Going up to `n*n - 1` would cause an index-out-of-bounds error when accessing move `n*n`.
key_takeaways:
- "**Position mapping**: Converting grid values to coordinates enables O(1) lookup for any move number"
- "**Knight move validation**: A knight move is valid if the absolute differences in coordinates are `(1, 2)` or `(2, 1)`"
- "**Sequential verification**: When validating a path, check each consecutive pair rather than trying to reconstruct the entire path"
- "**Constraint checking**: Always verify initial conditions (starting position) before validating the sequence"
time_complexity: "O(n^2). We iterate through all n*n cells once to build the position map, then iterate through n*n - 1 consecutive pairs to validate moves."
space_complexity: "O(n^2). We store a position lookup containing n*n entries mapping move numbers to coordinates."
solutions:
- approach_name: Position Mapping
is_optimal: true
code: |
def check_valid_grid(grid: list[list[int]]) -> bool:
n = len(grid)
# Knight must start at top-left corner
if grid[0][0] != 0:
return False
# Build position lookup: move number -> (row, col)
positions = {}
for r in range(n):
for c in range(n):
positions[grid[r][c]] = (r, c)
# Verify each consecutive move is a valid knight move
for move in range(n * n - 1):
r1, c1 = positions[move]
r2, c2 = positions[move + 1]
# Calculate absolute differences
dr = abs(r2 - r1)
dc = abs(c2 - c1)
# Valid knight move: (1,2) or (2,1)
if not ((dr == 1 and dc == 2) or (dr == 2 and dc == 1)):
return False
return True
explanation: |
**Time Complexity:** O(n^2) — We scan the grid once to build the lookup, then validate n^2 - 1 moves.
**Space Complexity:** O(n^2) — The position dictionary stores one entry per cell.

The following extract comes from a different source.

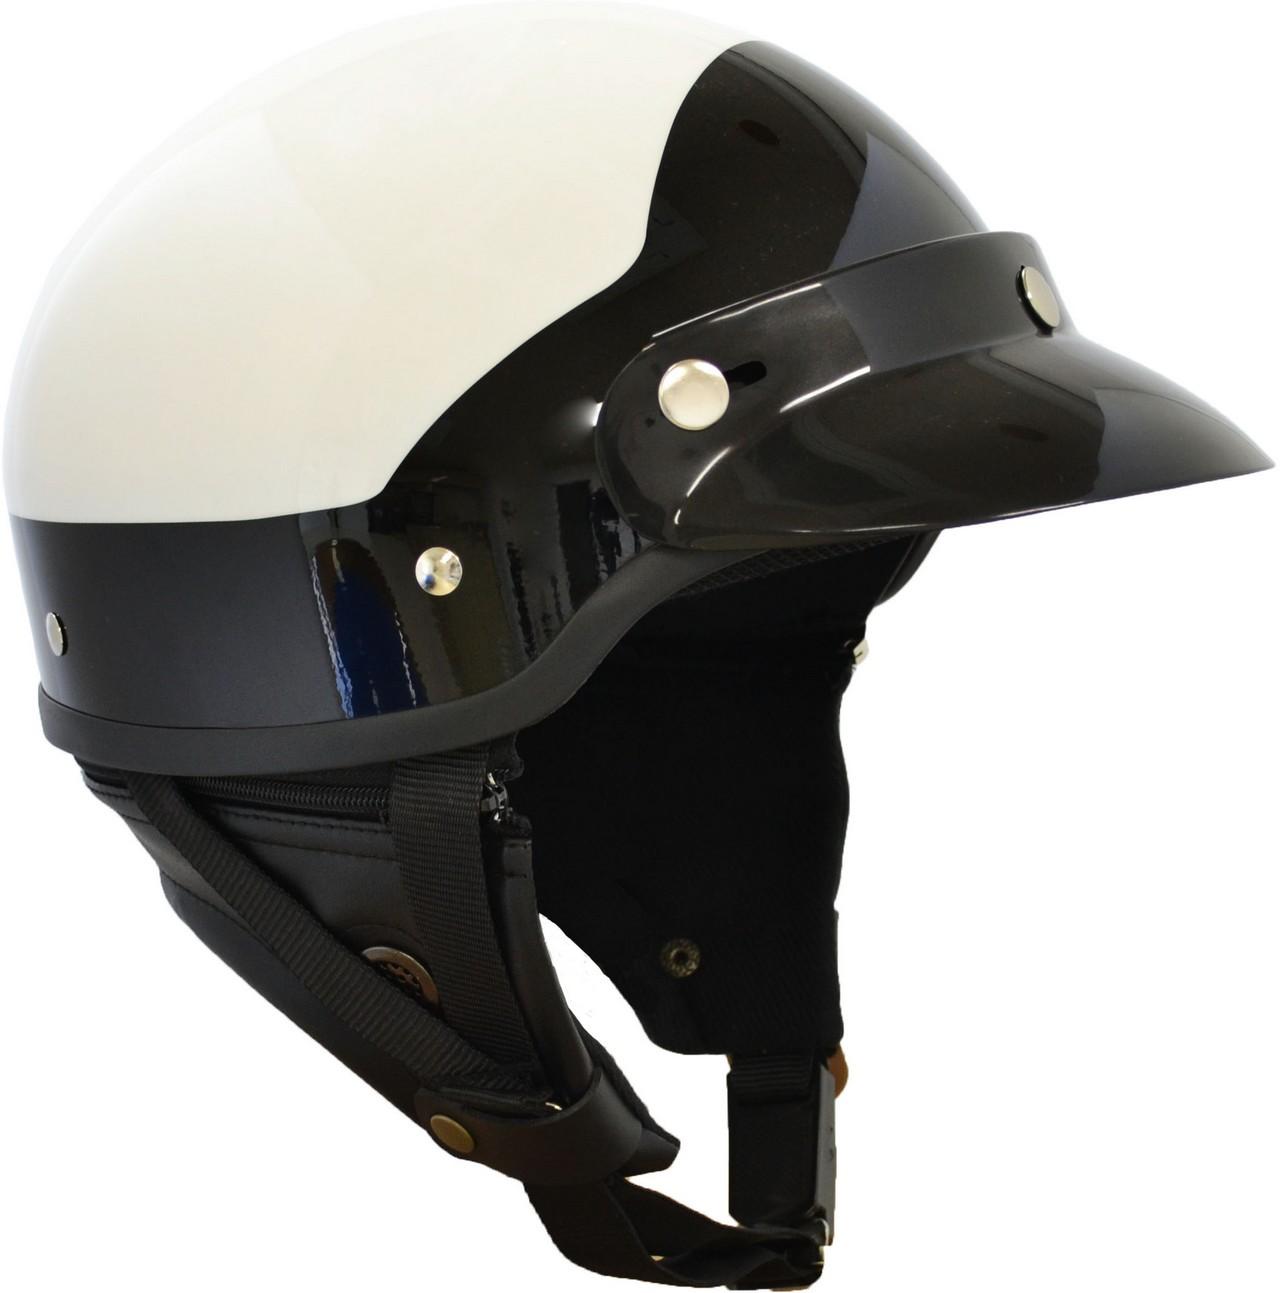 MP-110 Police Style Helmet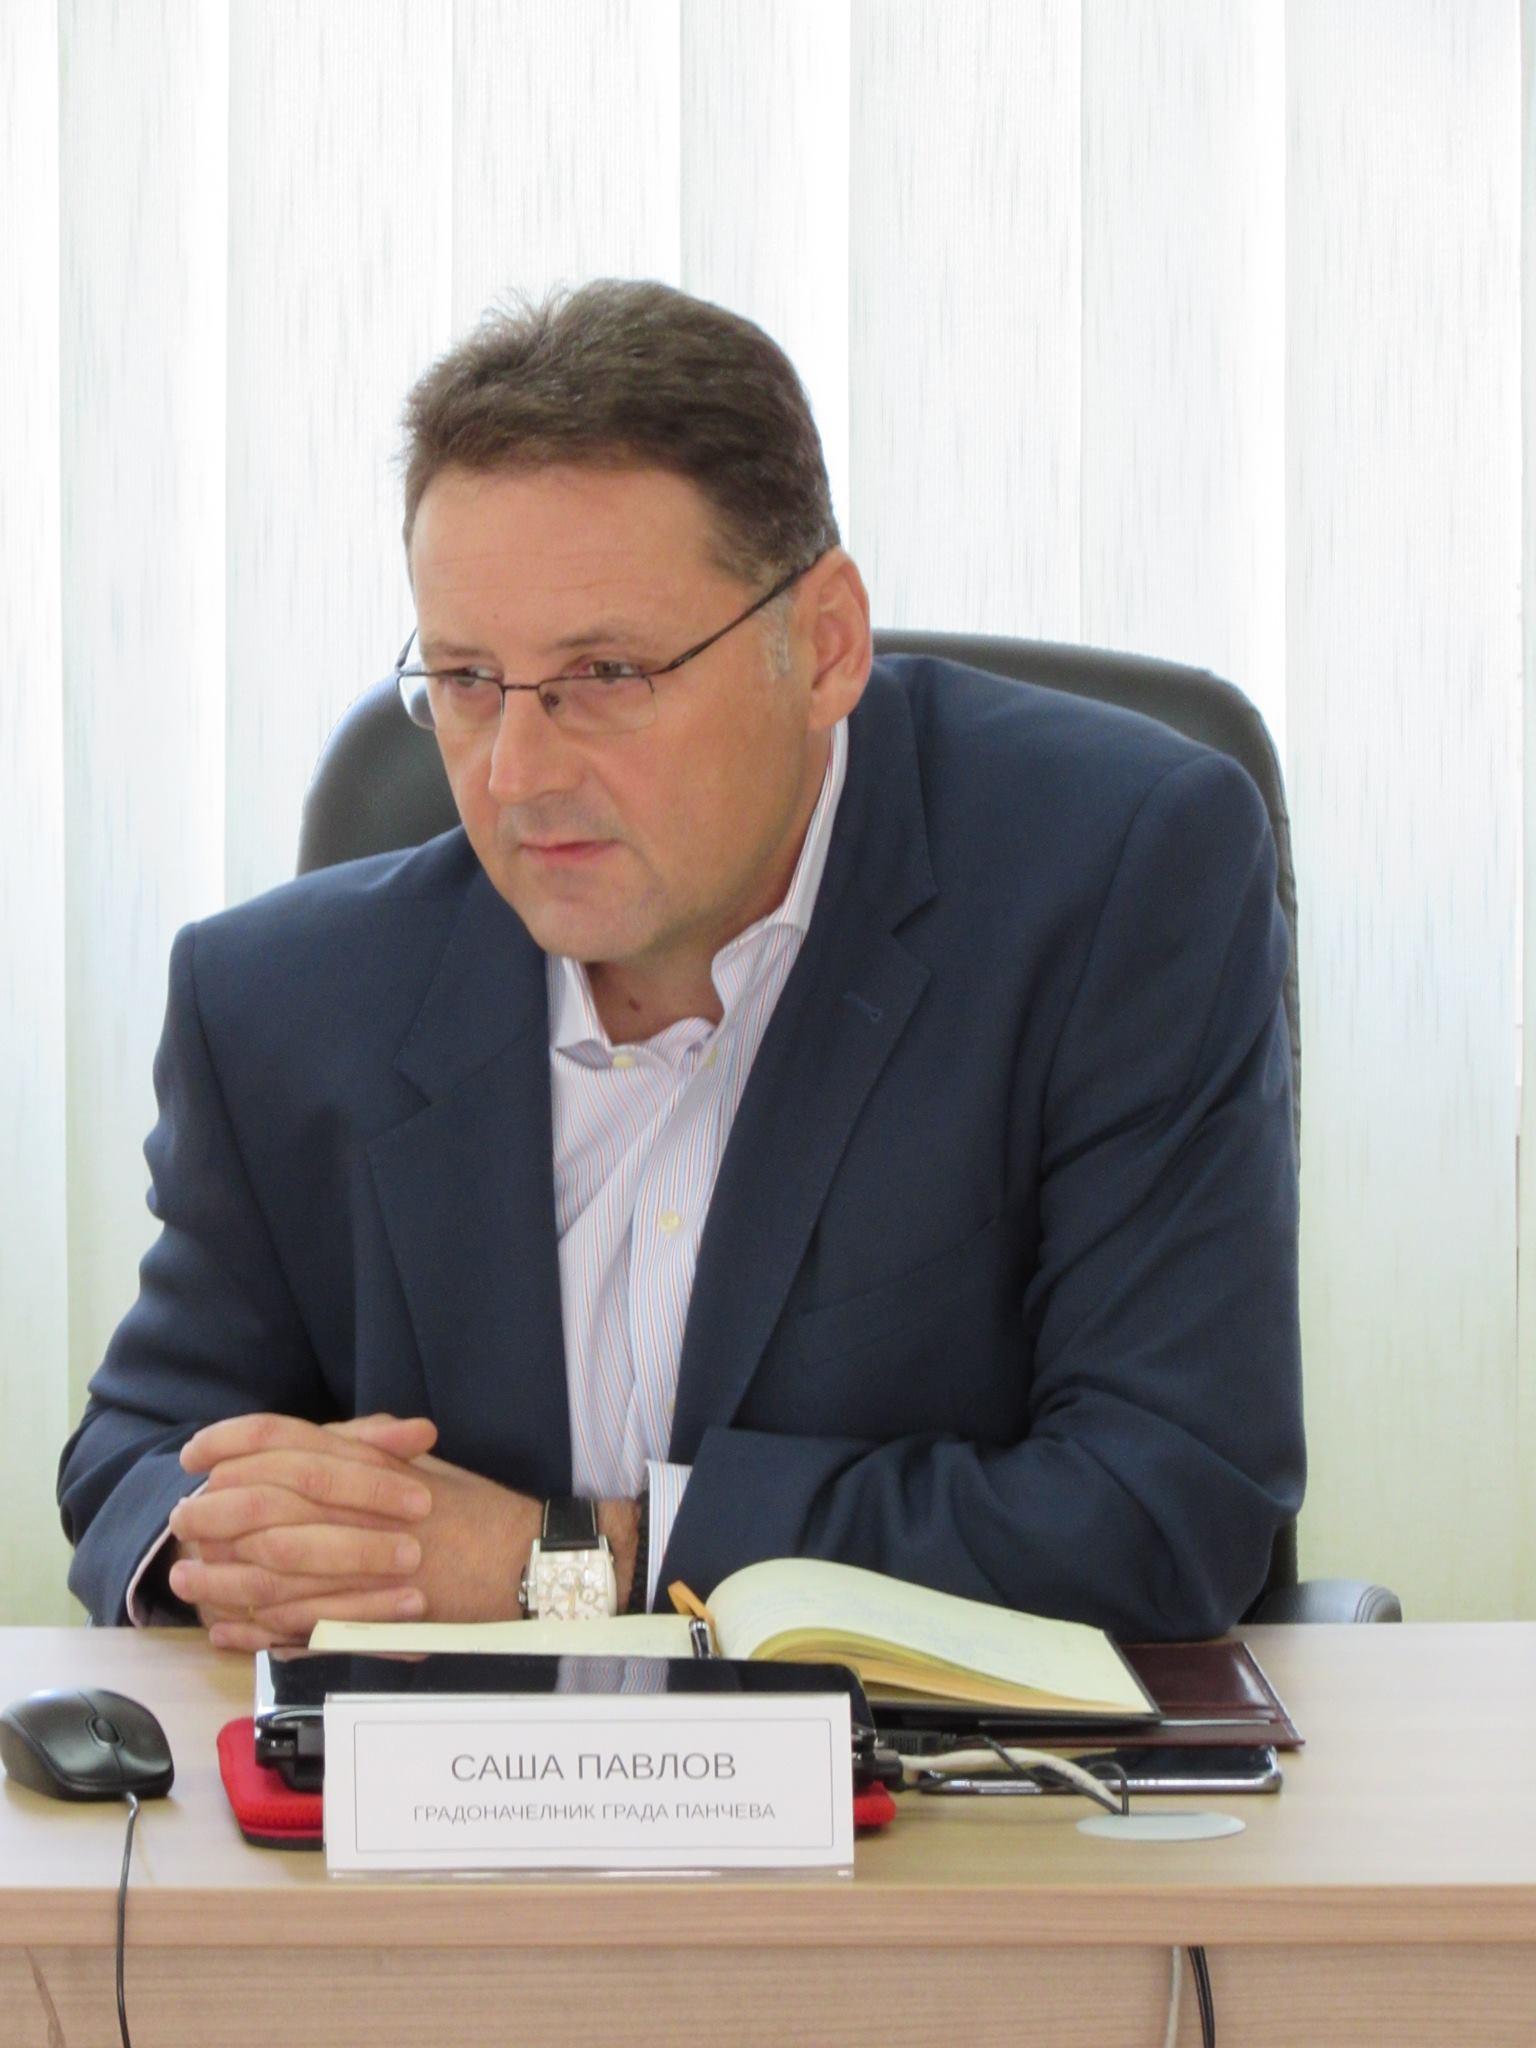 Saša Pavlov

We first ensure the knight starts at (0,0), then build a mapping from move numbers to positions. Finally, we check each consecutive pair of moves to verify they form valid knight moves.
- approach_name: Direct Grid Search
is_optimal: false
code: |
def check_valid_grid(grid: list[list[int]]) -> bool:
n = len(grid)
# Knight must start at top-left corner
if grid[0][0] != 0:
return False
# All 8 possible knight moves
knight_moves = [
(-2, -1), (-2, 1), (-1, -2), (-1, 2),
(1, -2), (1, 2), (2, -1), (2, 1)
]
# Find position of move 0 (must be at 0,0)
row, col = 0, 0
# Verify each move from 0 to n*n-2
for move in range(n * n - 1):
found = False
# Try all 8 knight moves to find the next position
for dr, dc in knight_moves:
nr, nc = row + dr, col + dc
# Check bounds and if this is the next move
if 0 <= nr < n and 0 <= nc < n and grid[nr][nc] == move + 1:
row, col = nr, nc
found = True
break
if not found:
return False
return True
explanation: |
**Time Complexity:** O(n^2) — We check up to 8 neighbors for each of the n^2 moves.
**Space Complexity:** O(1) — We only store the current position and constants.
This approach follows the knight move-by-move. Starting from (0,0), we search all 8 possible knight destinations to find the cell containing the next move number. While this uses less space, it requires searching neighbors at each step.